If you are using Java 8 then you could potentially do this with streams rather than iterating through the values manually. That might be a more direct approach than checking against previous values.

if (IntStream.range(0, size).map(n -> array[n][n]).allMatch(n -> n == 0)) {
}

if (IntStream.range(0, size).map(n -> array[n][size-n-1]).allMatch(n -> n == 1)) {
}

Answer 3

The error probably comes from the fact that you loop while row < array.length but you index into array[row+1]. This will result in an out of bounds exception.

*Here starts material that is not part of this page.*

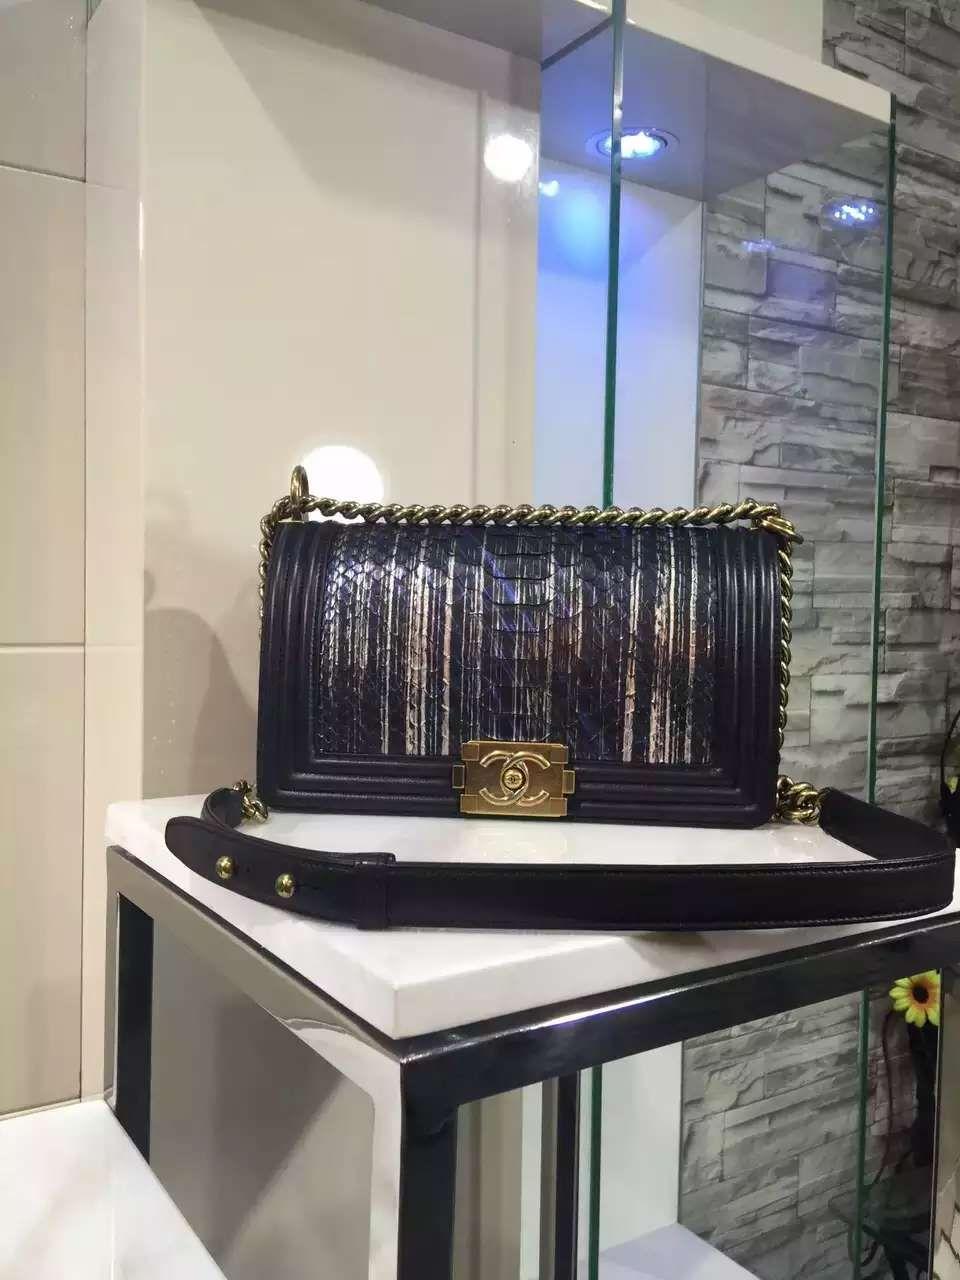 chanel Bag, ID : 63136(FORSALE:a@yybags.com), chanel purse online, chanel designer handbags cheap, buy chanel, chanel latest designer handbags, chanel cheap kids backpacks, e store chanel, chanel online store europe, chanel bags 2016, chanel gift bags for sale, chanel best backpacks, chanel ladies backpacks, chanel fabric totes #chanelBag #chanel #chanel #boho #bags

For checking the minor diagonal, try something similar:

int maxIndex = array.length - 1;
for(row = 0; row < maxIndex; row++){
  majDiag = row;
  if(array[row][maxIndex - row] != array[row+1][maxIndex - (row+1)]){
    isMatching = false;
    break;
  }
}

Answer 4

Some points about your method checkMajorDiagonal :

int majDiag;
boolean isMatching = true;
int row = 0;
for(row = 0; row < array.length; row++){
    majDiag = row;   //not being used anywhere
    if(array[row][row] != array[row+1][row+1]){ //out of bounds with row+1
        isMatching = false;
        break;
    }
}

You can remove the unused majDiag variable and change the loop code as

for(row = 0; row < array.length-1; row++)

Minor diagonal logic :

for(row = 0; row < array.length; row++){
  for(col = 0; col < array[i].length; col++){
         if(row+col==array[i].length){
                 array[row][col] // this would be your minor diagonal element row wise
  }
}

Answer 5

 int diagonalValue = 0;
 for(int i = 0; i < 8 ; i++){
    diagonalValue  = array[i][j];
  for(int j = 0; j < 8 ; j++)
      if(i==j){
          if(array[i][j]==diagonalValue){
            counter++;  
            } 
          else 
              break;
         }
  }
}
if(counter==8) // yes they are same else not

keep size of array ie 9 in a variable to make it loosely coupled.